#### EXERCISE DATA:

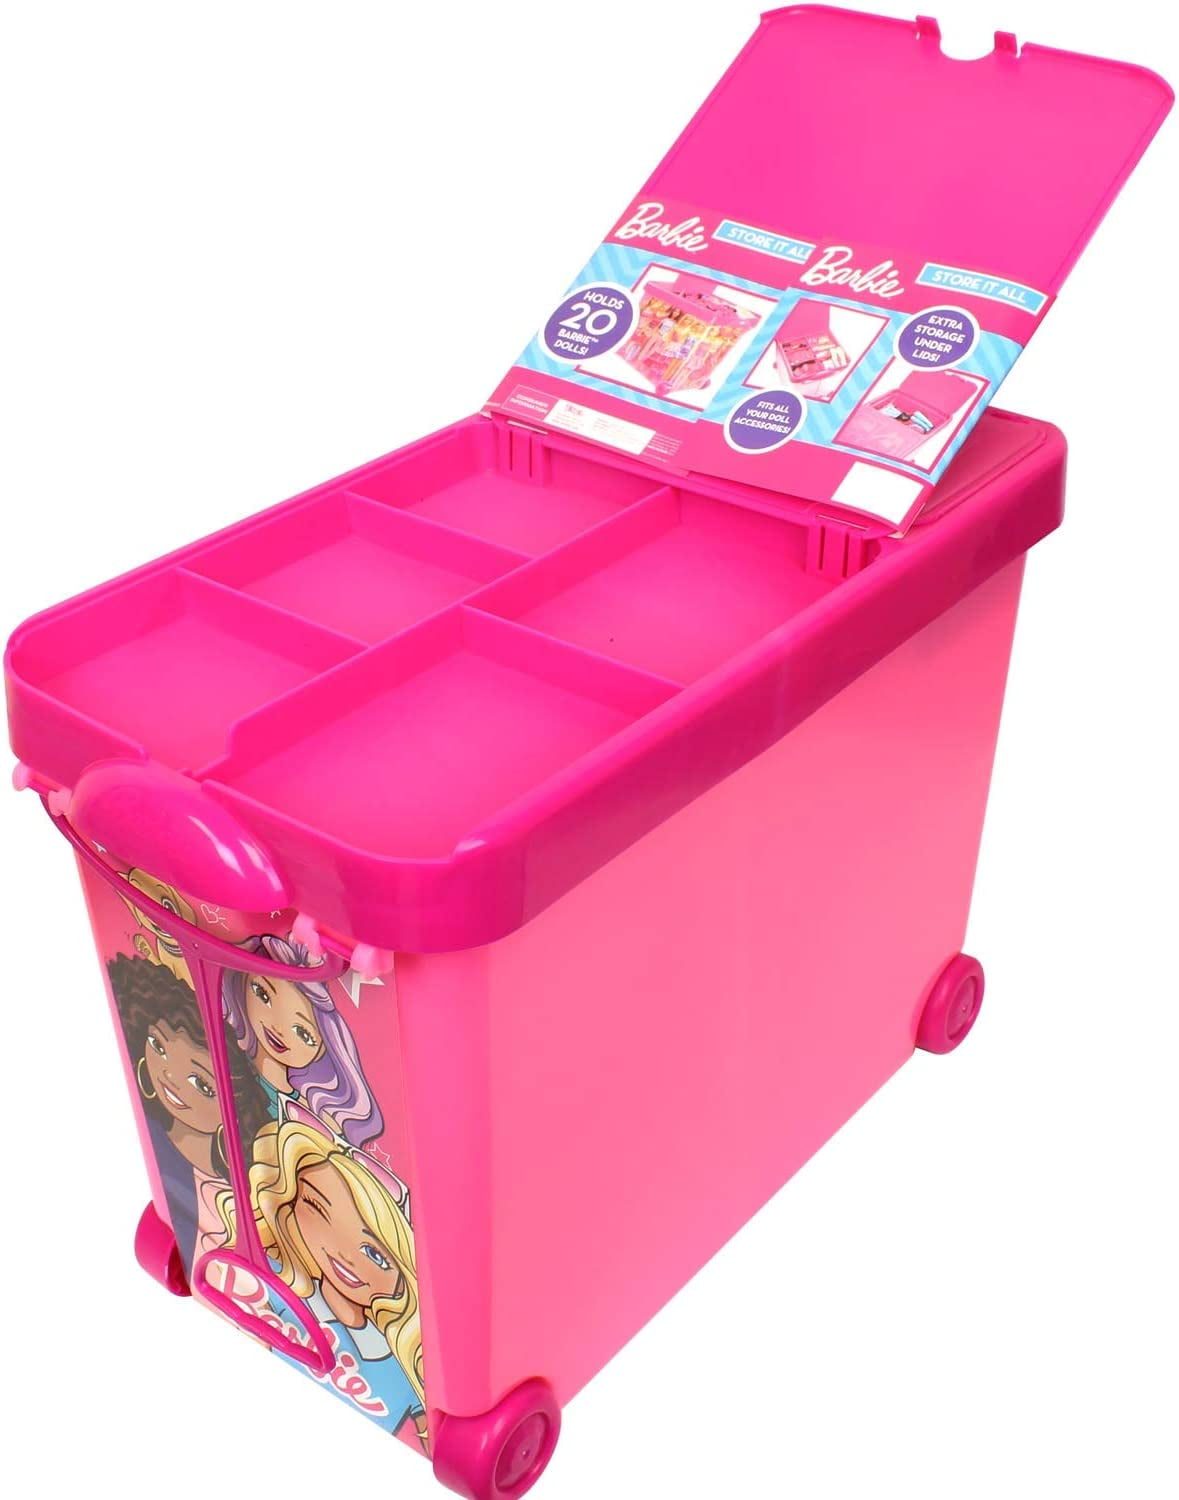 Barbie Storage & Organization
* * *
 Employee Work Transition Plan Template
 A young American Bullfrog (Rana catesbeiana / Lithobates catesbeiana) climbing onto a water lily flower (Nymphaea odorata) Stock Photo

#### WHAT THE TASK ASKS:
Beginning with the line above that contains "Employee Work Transition Plan Template", copy each line exactly up to and including the line that contains "A young American", and go no further.

#### ANSWER TO THE PROBLEM:
 Employee Work Transition Plan Template
 A young American Bullfrog (Rana catesbeiana / Lithobates catesbeiana) climbing onto a water lily flower (Nymphaea odorata) Stock Photo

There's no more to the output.